The Importance of Formula

Formula did not always exist. Historically speaking, when a baby was undernourished or mothers couldn’t produce enough milk, a few different things happened— Either neighboring mothers would rally together as wet nurse support, or mothers would desperately feed babies cows milk or water with sugar, or the newborn wouldn’t survive.

Thank God, we don’t live at a time like that.

Humans have since then come up with a solution. Formula! Today there are a ton of formulas on the market and some of them are excellent.

Formula allows families to supplement, babies to thrive, parents to work without a freezer stash of breastmilk saved up, help babies with complicated allergies—among many other reasons.

Unfortunately with formula use, comes unfair judgement and unnecessary comments from strangers. Below is a friend’s story about formula.

It’s a beautiful reminder that your worth as a mother is not tied to how you feed your baby!

When I found out I was pregnant, I read everything I could about breastfeeding. There wasn’t a doubt in my mind that I would breastfeed my daughter for as long as I could. I knew all the statistics about immunity and nutrition. I made sure my birth plan included skin-to-skin and feeding during the first hour after she was born. I made sure to request that a lactation consultant visit during those first precious hours to ensure we had a good latch. For me, breastfeeding was an important part of the experience of becoming a mother and one I desperately wanted. I told myself it’s what my body was designed to do. I couldn’t have been more thrilled at the thought of nourishing my baby.


When my daughter was born with a surprise cleft lip, the nurses and doctors assured me I could still pump and feed her, even if a good latch wasn’t possible. I spent so much of those first weeks pumping, only to get drops. I ate lactation cookies and had home visits from consultants who gave me pumping schedules and rotations of hot compresses and breast massage, but my daughter wasn’t gaining, and I inevitably had to supplement with formula.
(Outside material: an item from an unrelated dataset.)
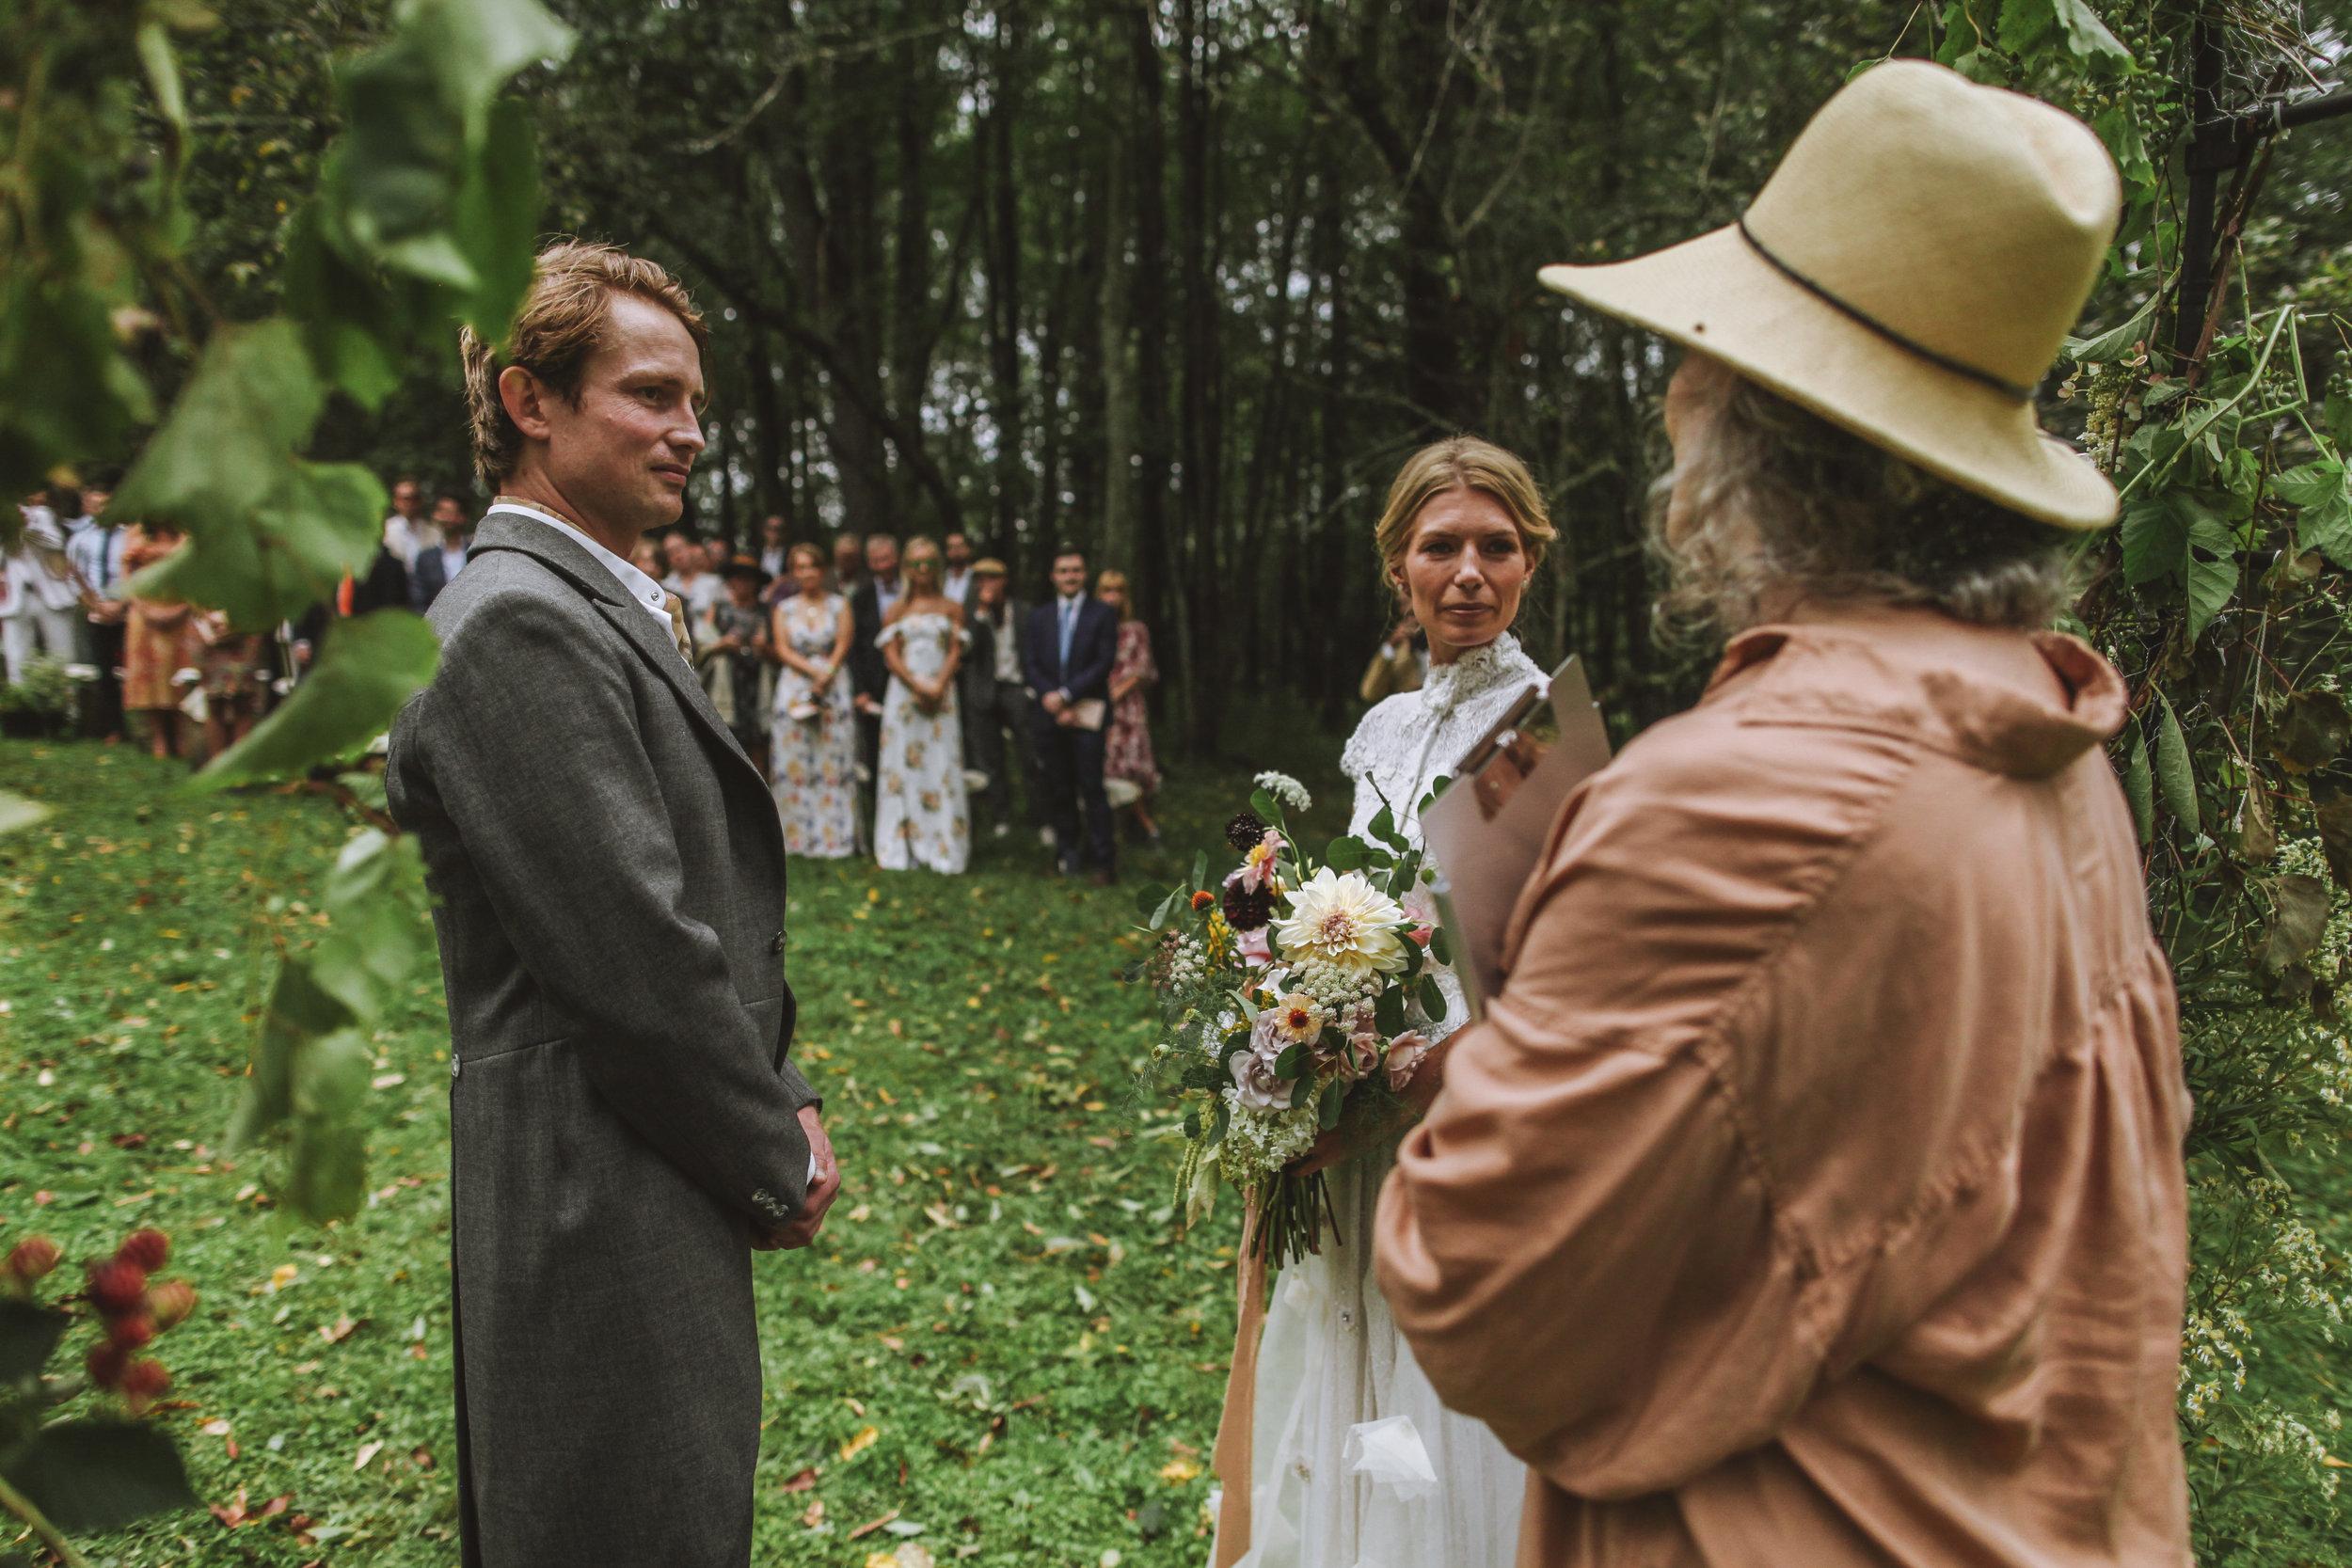 wedding_in_the_wild-ceremony-31.jpg

I remember giving her that first bottle and feeling completely defeated. I felt, however irrationally, that I had somehow failed. That I couldn’t give my daughter the thing I believed she needed from me the most.

When I was pregnant with my second daughter, I vowed to try harder. I was told it was the cleft that kept me from making milk he first time – that because she wasn’t able to nurse, my body was never signaled to produce. I read more about getting a good supply. I made a new birth plan with skin-to-skin and delayed bathing. This time was going to be different. This time I would get to experience how it felt to be everything my baby needed me to be.

When my second daughter was born, she latched right away. We nursed every 1-2 hours and charted diaper changes for days. I lived with her on my breasts, but something was wrong. She wasn’t gaining the way she should, either. I made copious amounts of oatmeal and drank Mother’s Milk Tea. I pumped in between nursing. I took hot showers and let my daughter sleep on my bare chest. I visited consultants who looked at my breasts and noticed a lack of tissue where milk production occurs. Still, I was given schedules and techniques to increase my supply.

Nothing worked.


Once again, I felt like a failure. I was angry at my body for failing. I convinced myself I was less of a mother somehow because I couldn’t do this thing I so wanted to be able to do. I was shamed by healthcare professionals who reminded me how breastfeeding would help my own body, in addition to my daughter’s. I was slammed with obesity risks and health statistics. I was told I just wasn’t trying the right methods. That women who can’t produce just don’t want it badly enough.

I sunk into a postpartum depression that I didn’t know how to escape. I let the disappointment of not being capable of breastfeeding be a dark cloud over my first months with my daughter.

I felt overwhelming waves of guilt every time I opened a container of formula, telling myself my children would be so much better off if I could feed them myself.

My oldest daughter is now 3 years old and my youngest is 11 months. While I will always regret not being able to breastfeed, I’ve learned to be kinder to myself.

Now that I’ve moved past postpartum depression (for the most part), I know that my worth as a mother is not tied to my ability to breastfeed. While we all know the benefits of breastmilk, my formula fears have subsided with time.

This is what I can say for my family: Neither of my girls have ever had an ear infection. My oldest daughter didn’t get sick for the first time until she was almost 2 years old. My 11 month old has only been sick once, and she recovered quickly and easily. My daughters are both developmentally advanced according to their pediatricians.

 I don’t say this to downplay the benefits of breastmilk. I would’ve given anything to provide natural nutrition to my girls. But, I think it’s important for moms to know that, no matter what your reasons for formula feeding may be, your kids are going to be okay. My girls are okay. We are all just doing the best we can. Sometimes, for some of us, our best means that formula is a miracle of science that allows us to feed our kids when our own bodies can’t, and I am finally so grateful for this gift.